Multimodal imaging approaches—including non-contrast Computed Tomography (CT), CT angiography, CT perfusion, and the diffusion-weighted imaging (DWI)–fluid-attenuated inversion recovery (FLAIR) mismatch—are central to contemporary acute ischemic stroke evaluation and management. Among these modalities, DWI has a distinctive role, as it represents the most sensitive magnetic resonance imaging (MRI) sequence for the detection of acute ischemic infarction once MRI is performed.
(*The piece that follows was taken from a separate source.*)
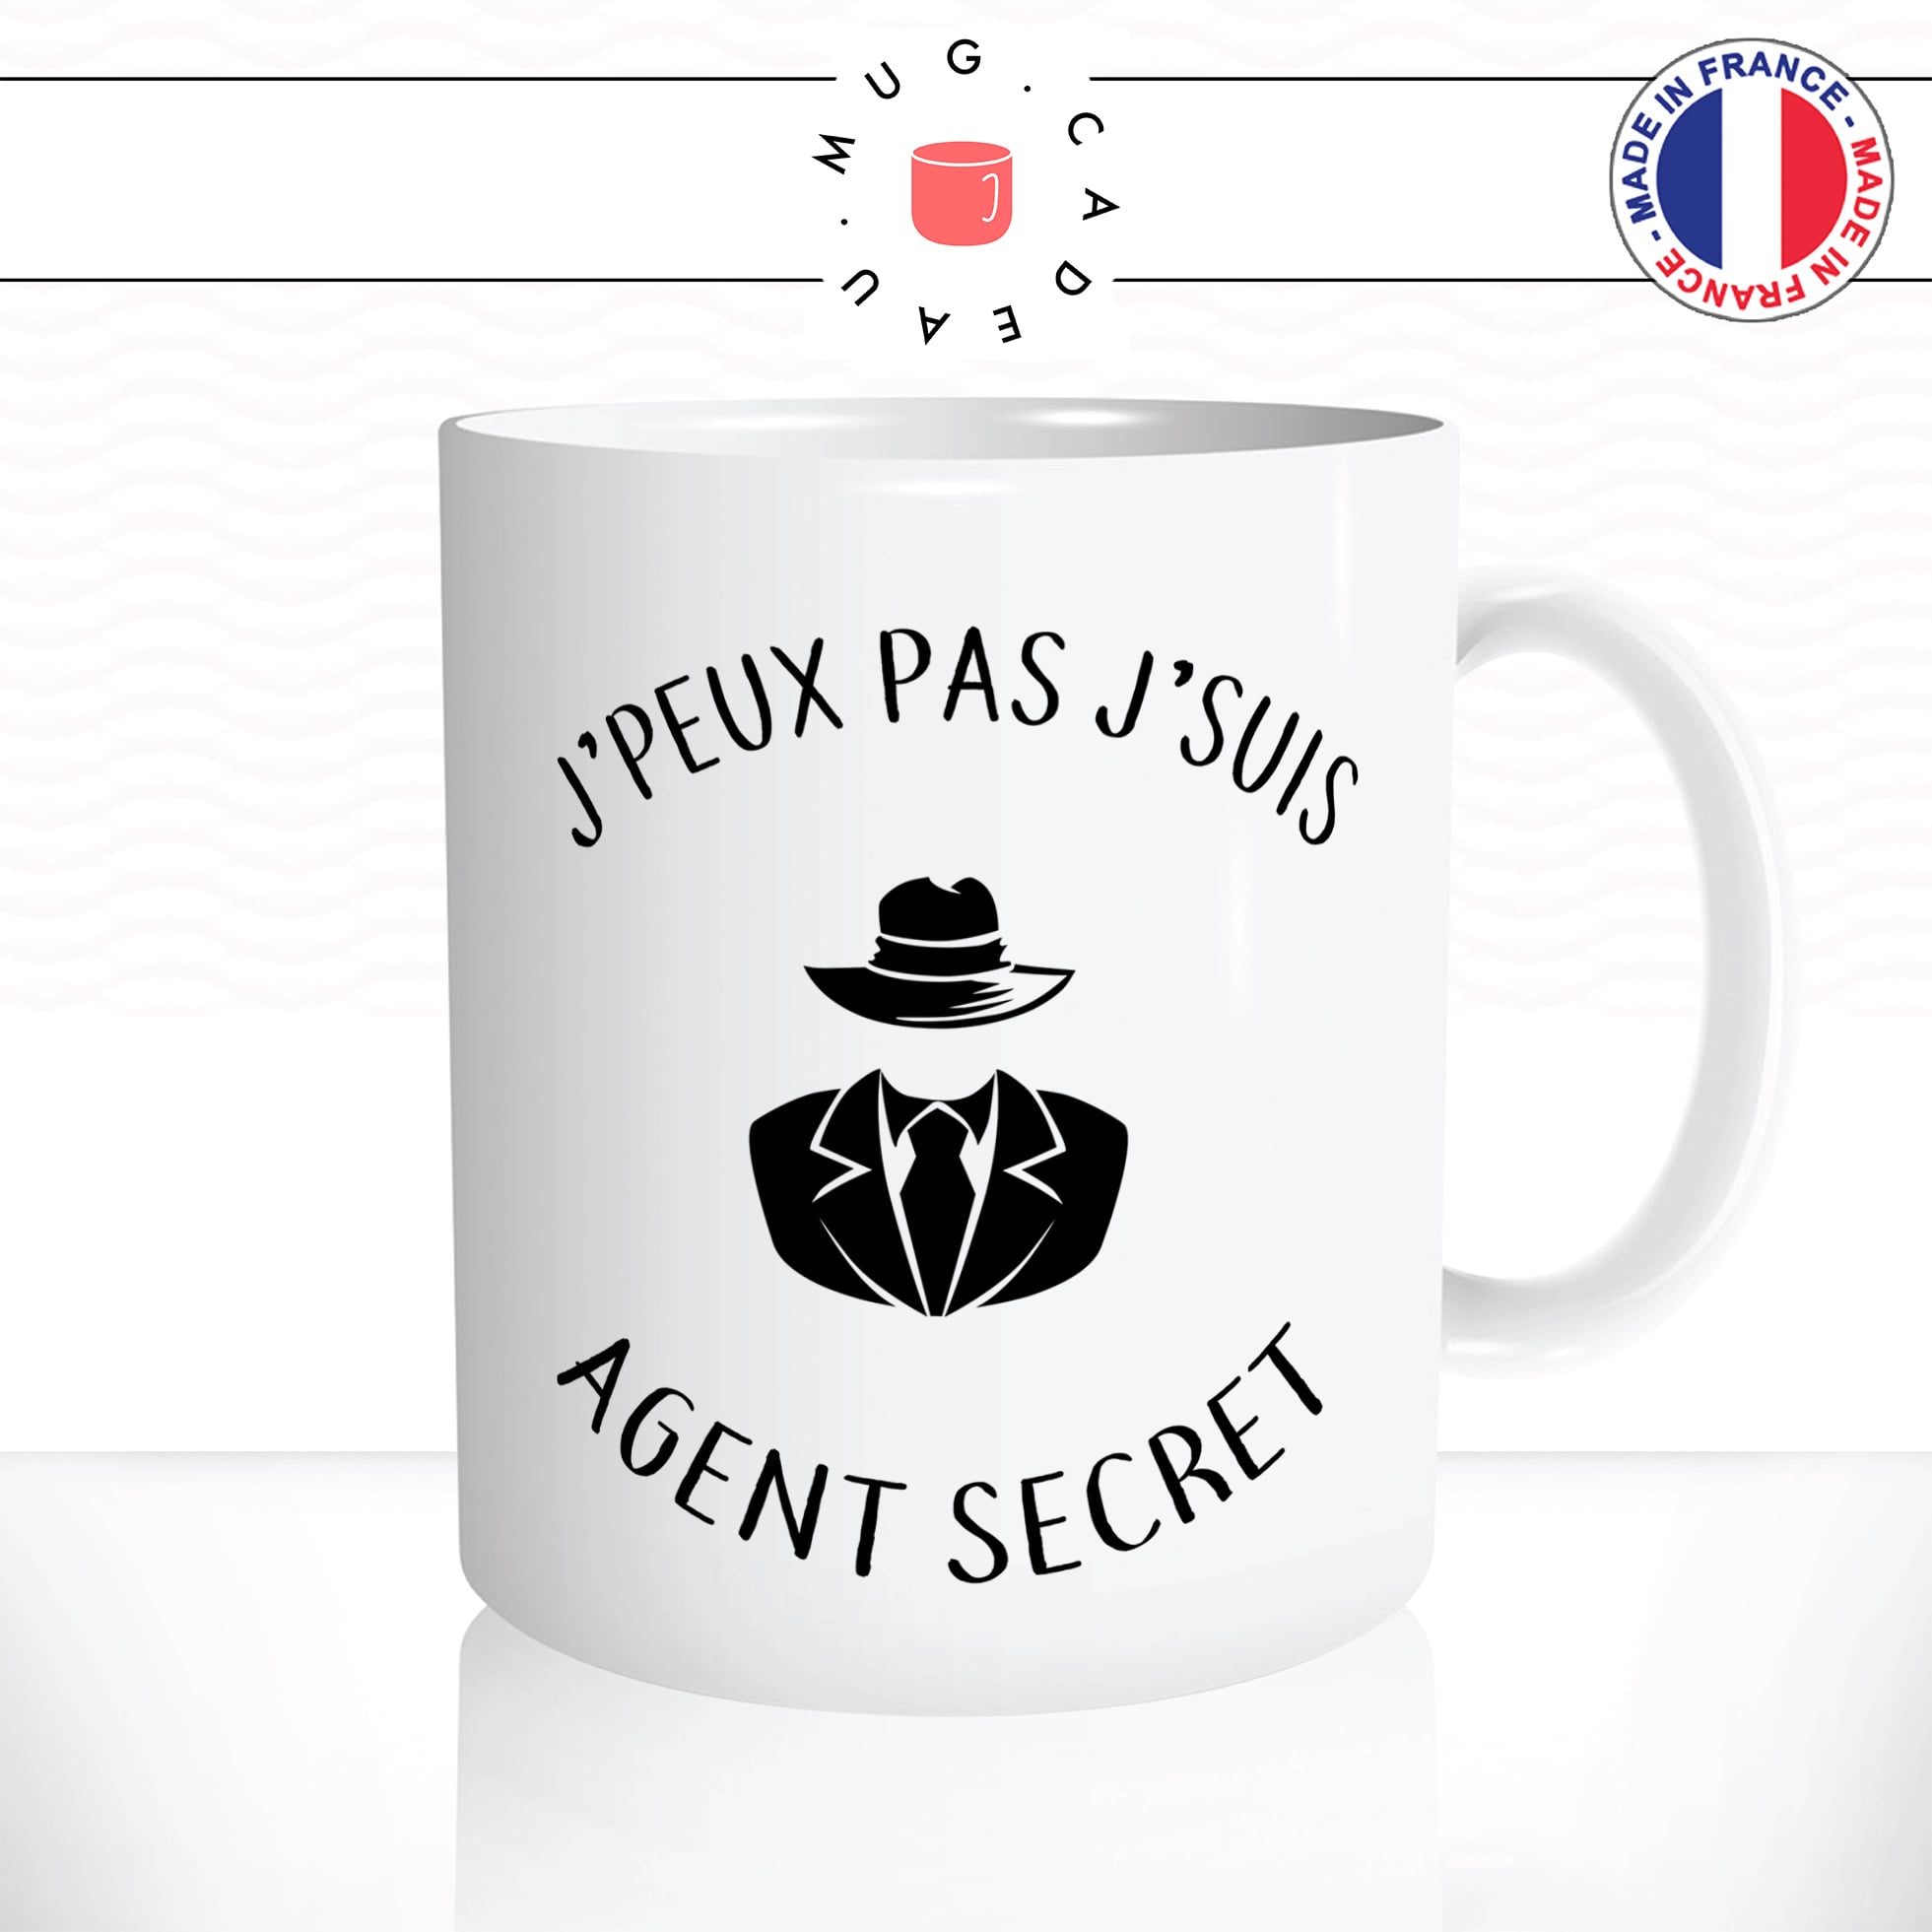 mug-tasse-jpeux-pas-jsuis-agent-secret-oss117-bond-excuse-pourrie-fun-humour-original-mugs-tasses-café-thé-idée-cadeau-personnalisée2-min

Consequently, DWI is routinely incorporated into the diagnostic workflow of acute ischemic stroke and serves as a critical imaging modality in clinical practice [7]. Inadequate or delayed diagnosis can lead to poorer clinical outcomes, emphasizing the necessity for robust clinical support systems in emergency departments [8]. The ongoing Fourth Industrial Revolution has furthered the application of AI technologies, particularly in the field of medical imaging [9]. The incorporation of AI into stroke diagnosis has been demonstrated to enhance diagnostic efficiency and hold the potential to improve patient survival rates and functional recovery outcomes [10, 11, 12]. Therefore, the deployment of AI in acute stroke diagnosis is a promising frontier in the pursuit of more effective and timely patient care in emergency departments with limited expertise in stroke management [13]. While emergency MRI availability is not universal, many comprehensive and tertiary stroke centers routinely incorporate MRI-DWI into their acute stroke protocols, especially when diagnostic uncertainty exists or when stroke mimics must be excluded. In this context, an AI-based system trained exclusively on DWI may provide robust lesion detection and serve as a valuable decision-support tool in MRI-equipped emergency departments rather than as a replacement for multimodal imaging strategies.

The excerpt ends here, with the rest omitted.